List((banana,1), (banana,2), (banana,3))
Some((banana,1))

The compiler now infers Some as Mappable[Some]#Res[Int] and Mappable[List]#Res[Int] which is quite ugly. One would expect the compiler to actually be able to infer the right type without needing for any co/contravariance on the Mappable trait, which we can't do since we're using it in an invariant position.

1
votes

Subtype polymorphism allows us to pass values of a certain type or any of its subtypes to a method.
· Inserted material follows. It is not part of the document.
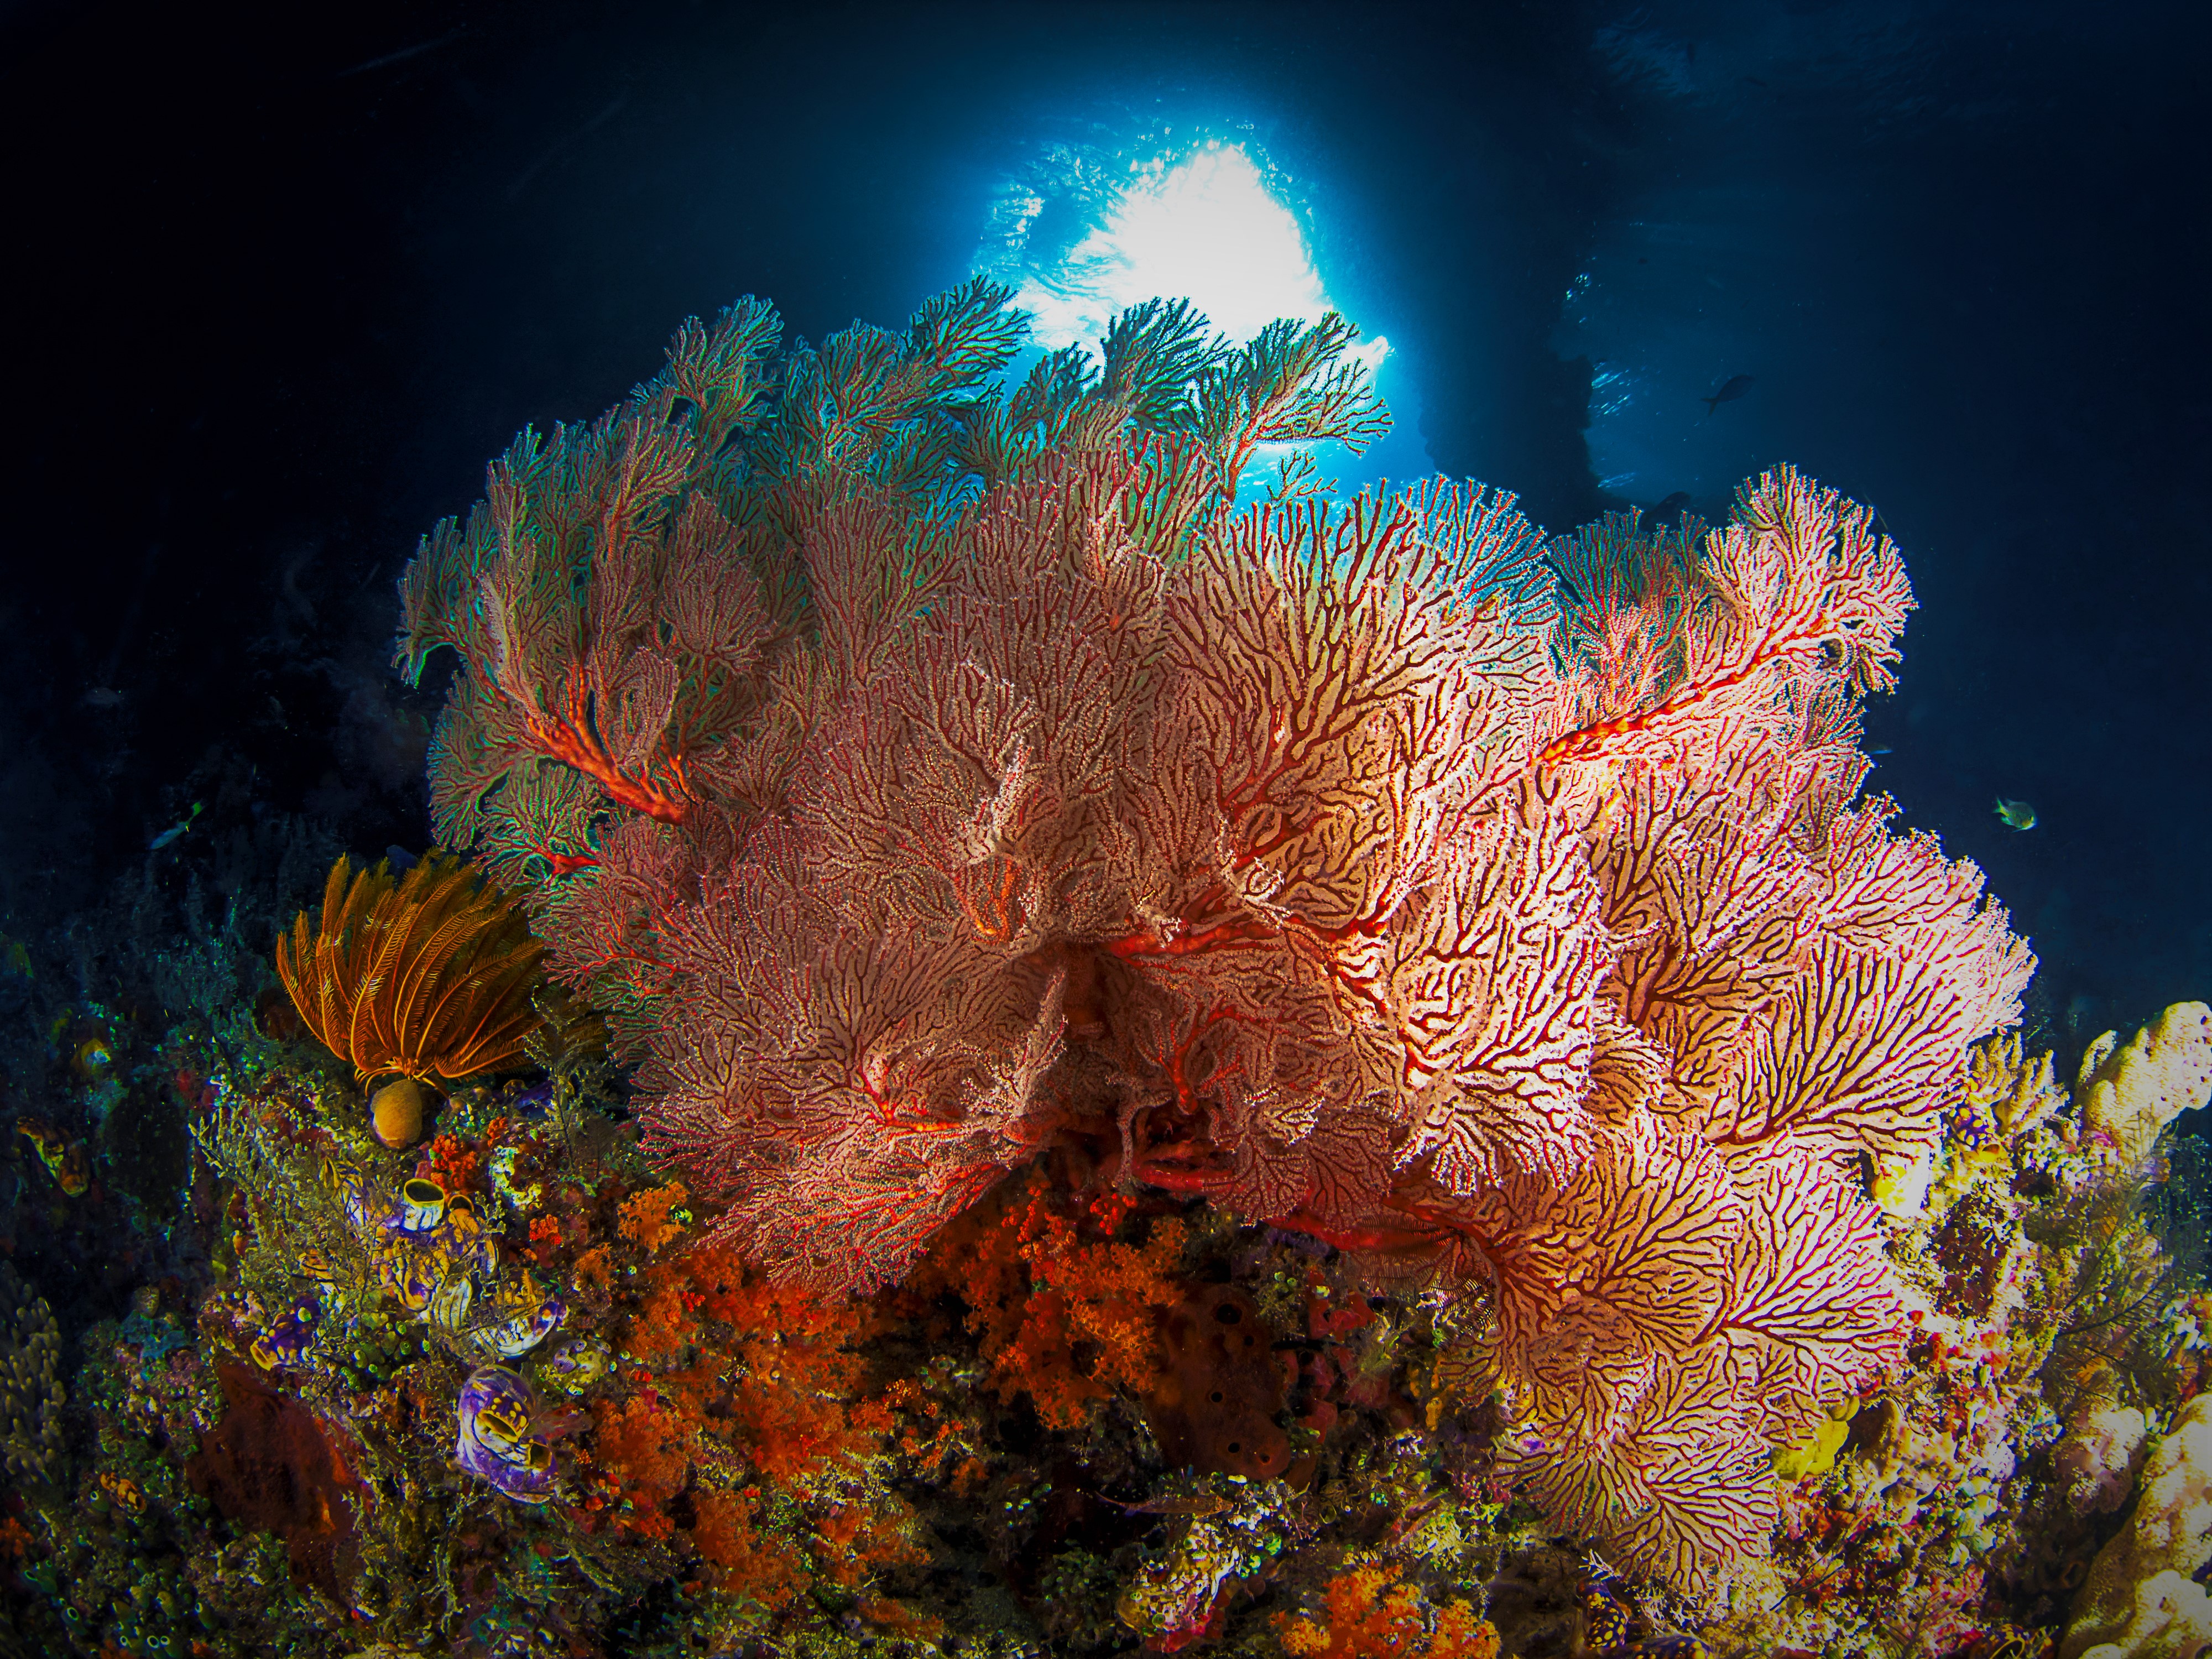 Sunlight Shining on Coral Under the Sea

If a method takes a value of type Fruit, we can also pass an Apple inside (an apple is a fruit after all). So if you want to be able to pass a Mappable.MappableOption to your bananaTuple method, you have to make that MappableOption a subtype of MappableSome (since the type of your first parameter of bananaTuple dictates the implicit one). This means that you want your Mappable contravariant (if Some <: Option, then Mappable[Some] >: Mappable[Option]).

But you cannot have Mappable[F[_]] contravariant in F because F appears in covariant position of map (as a function parameter). Note that F also appears in contravariant position of map (as a return value).

If you manage to make Mappable[F[_]] contravariant in F, it should work, but I'm not sure if making it contravariant makes sense. That is, if you want a subtype relationship such as e.g. Apple <: Fruit to result in Mappable[Apple] >: Mappable[Fruit] (this would not compile since Apple and Fruit are not type constructors, but I'm just using simple types to make a point here).

Making a type contravariant in its type and solving the problem of contravariant type appearing in covariant position is a common problem and perhaps it's better if you search for it elsewhere (here is one example). I still think that it's better to provide an implicit object for every type you want to use, that is, to provide separate implicit objects for e.g. Seq and List.